Prototyping and real-world field trials of RIS-aided wireless communications

TL;DR

This paper presents the design, fabrication, and real-world testing of RIS systems for 5G networks, demonstrating significant power gains in various environments and proposing an efficient beamforming algorithm based on spatial channel structure.

Contribution

It introduces a practical RIS prototype, a low-complexity beamforming algorithm, and validates RIS effectiveness through extensive field trials in diverse settings.

Findings

10-20 dB power gain in office and corridor environments at 5.8 GHz

Over 35 dB power gain in outdoor tests with RIS

4-7 dB indoor signal improvement in 5G networks

Abstract

Reconfigurable intelligent surface (RIS) is a promising technology that has the potential to change the way we interact with the wireless propagating environment. In this paper, we design and fabricate an RIS system that can be used in the fifth generation (5G) mobile communication networks. We also propose a practical two-step spatial-oversampling codebook algorithm for the beamforming of RIS, which is based on the spatial structure of the wireless channel. This algorithm has much lower complexity compared to the two-dimensional full-space searching-based codebook, yet with only negligible performance loss.
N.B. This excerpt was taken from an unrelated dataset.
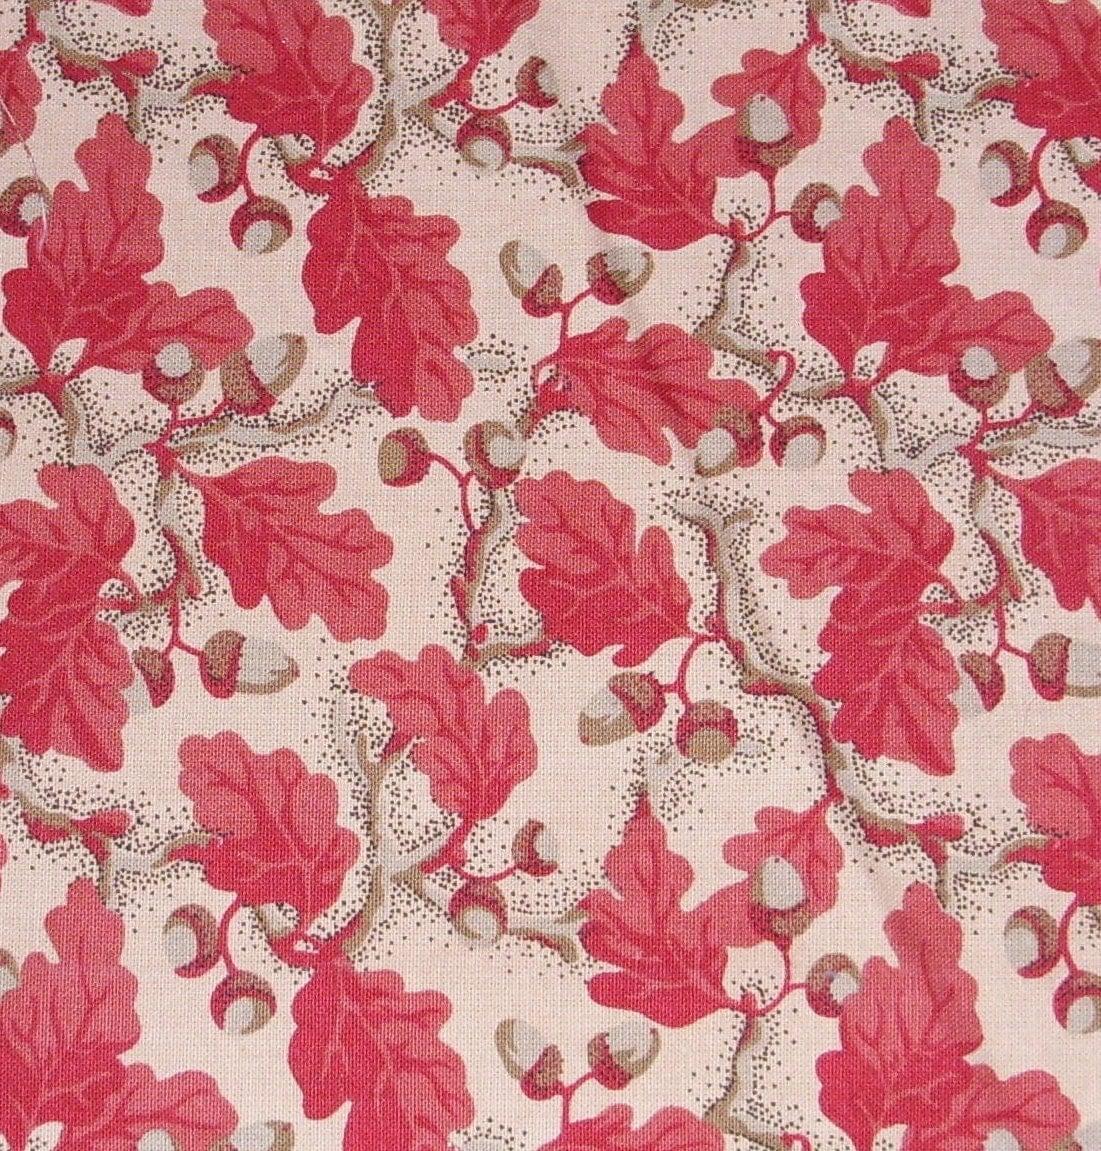 Oak leaf acorn cotton fabric remnants for Fabric remnants

Then, a series of experiments are conducted with the fabricated RIS systems, covering the office, corridor, and outdoor environments, in order to verified the effectiveness of RIS in both laboratory and current 5G commercial networks. In the office and corridor scenarios, the 5.8 GHz RIS provided a 10-20 dB power gain at the receiver. In the outdoor test, over 35 dB power gain was observed with RIS compared to the non-deployment case. However, in commercial 5G networks, the 2.6 GHz RIS improved indoor signal strength by only 4-7 dB. The experimental results indicate that RIS achieves higher power gain when transceivers are equipped with directional antennas instead of omni-directional antennas.